» Directions
Please set down only the lines below starting with the line with "Waschmaschine entsorgen Tipps" and going on through the line with "Alter - Chaise", verbatim and without pictures.

───── Records provided

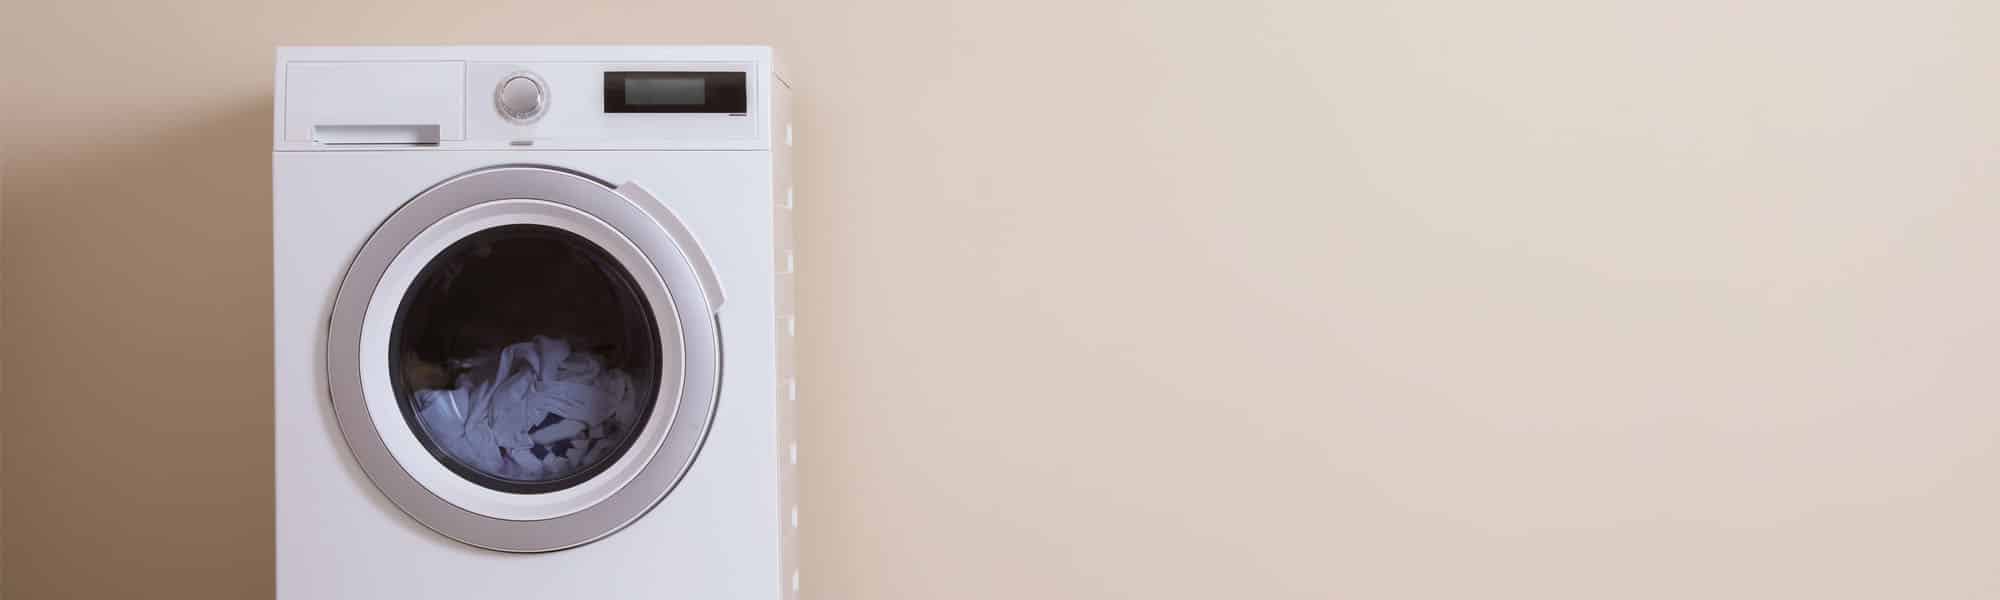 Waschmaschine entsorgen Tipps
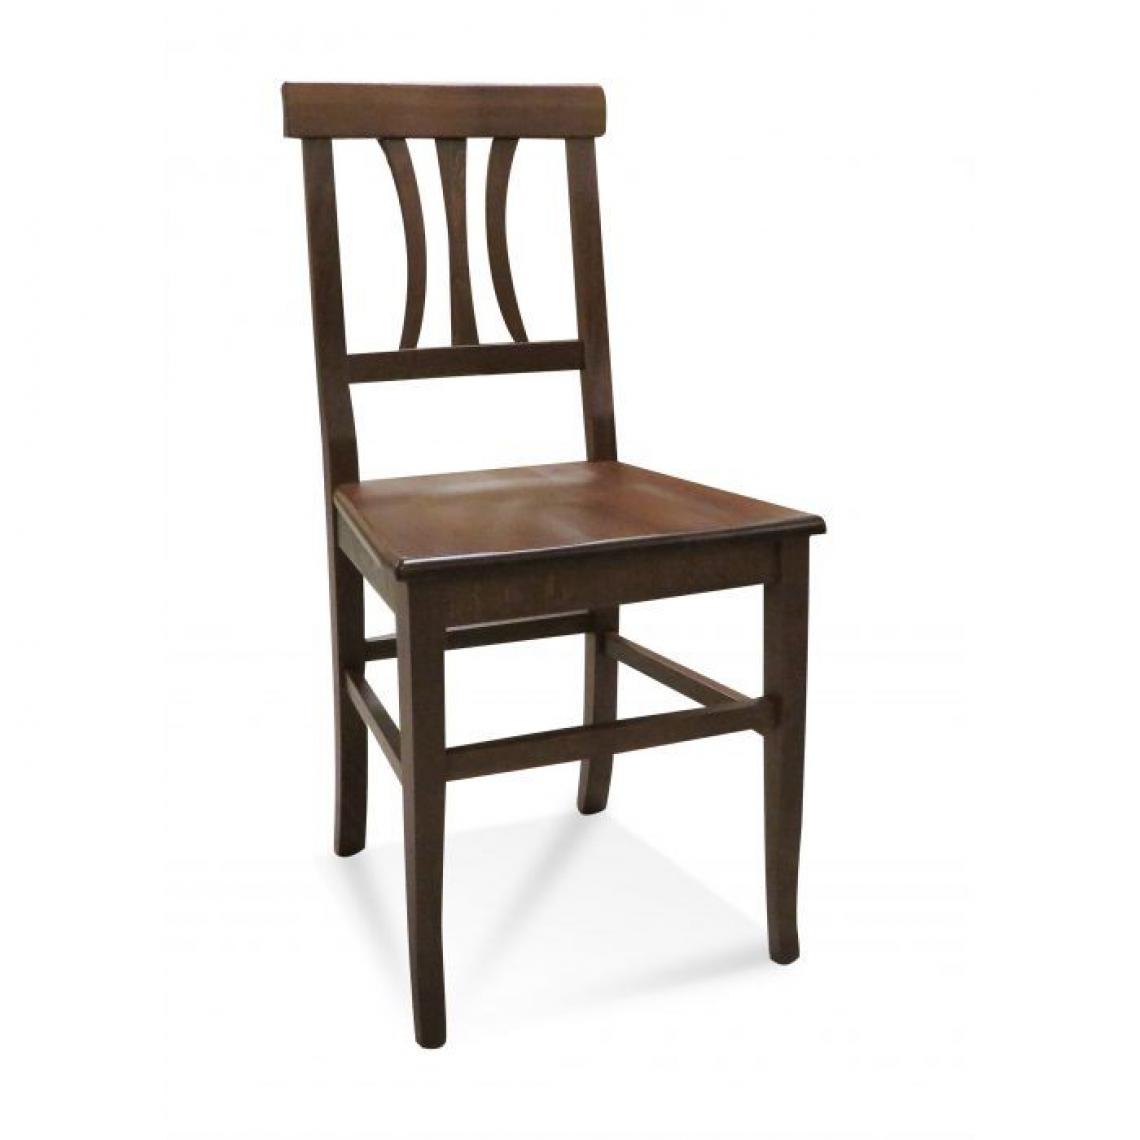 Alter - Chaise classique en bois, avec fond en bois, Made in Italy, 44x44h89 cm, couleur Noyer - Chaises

──────────
───── Records provided

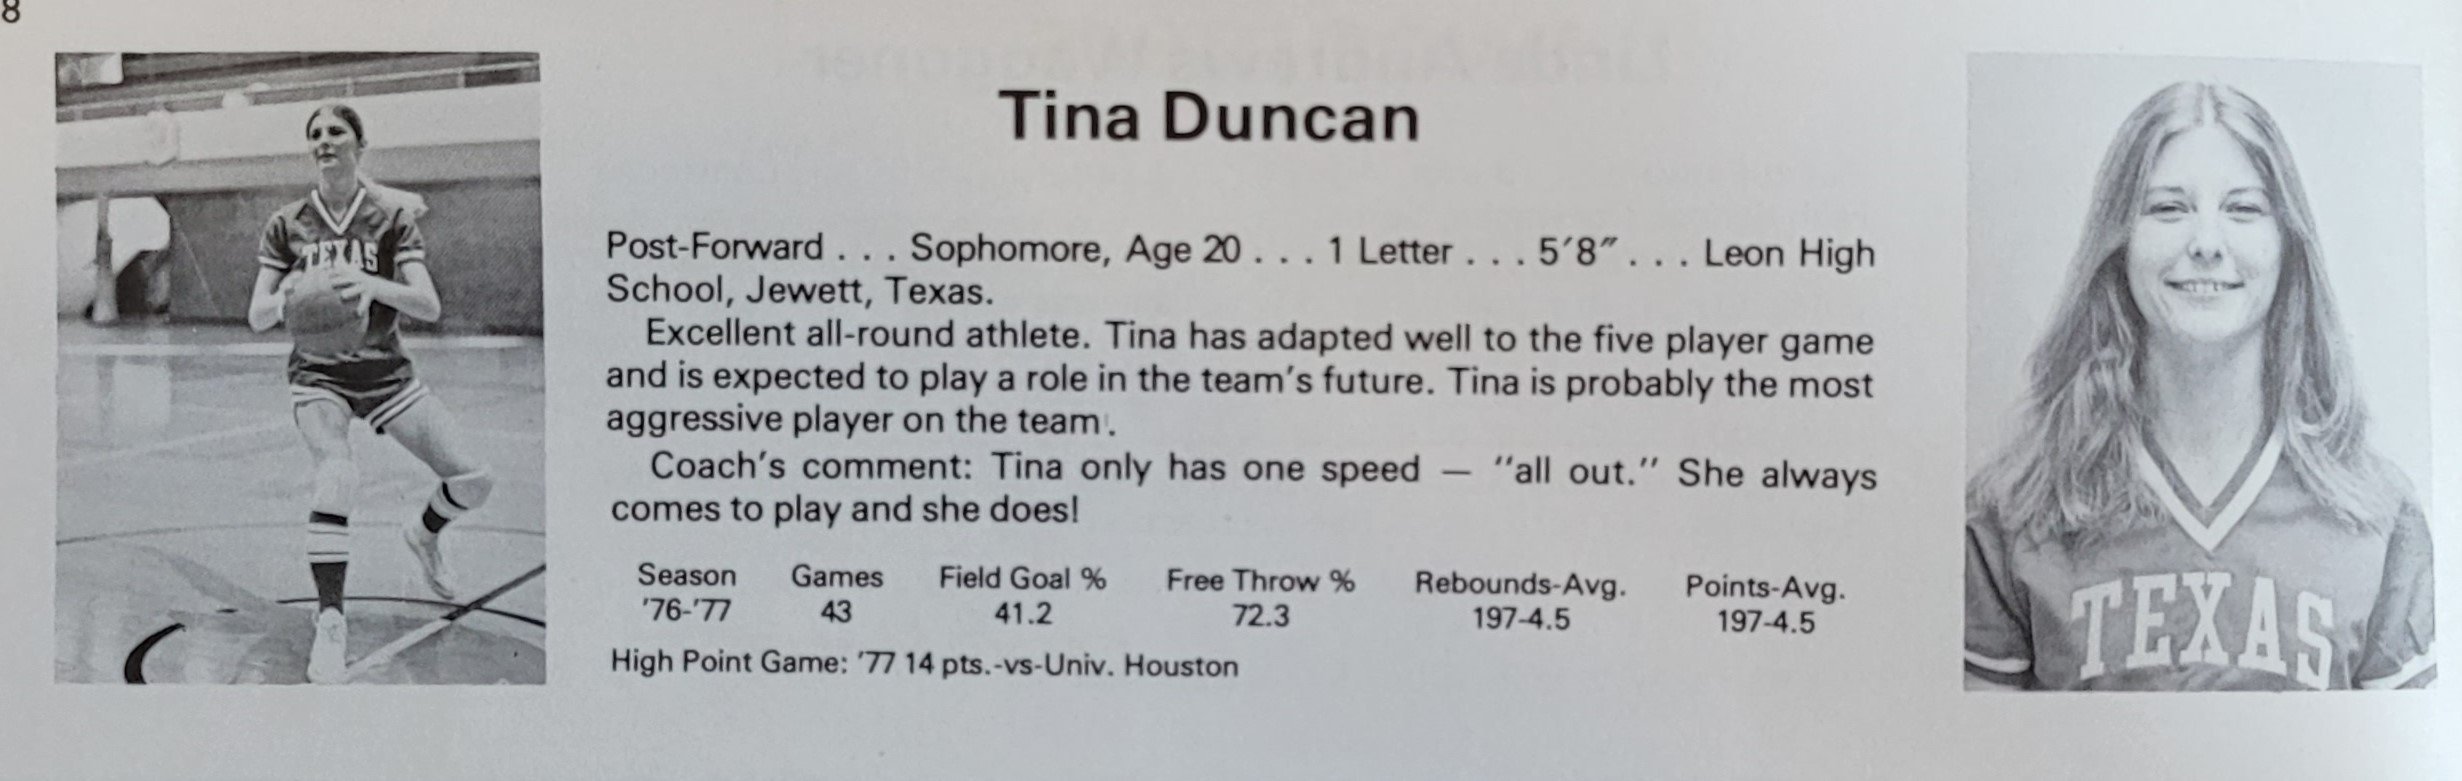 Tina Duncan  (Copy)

──────────

» Answer box
 Waschmaschine entsorgen Tipps
 Alter - Chaise classique en bois, avec fond en bois, Made in Italy, 44x44h89 cm, couleur Noyer - Chaises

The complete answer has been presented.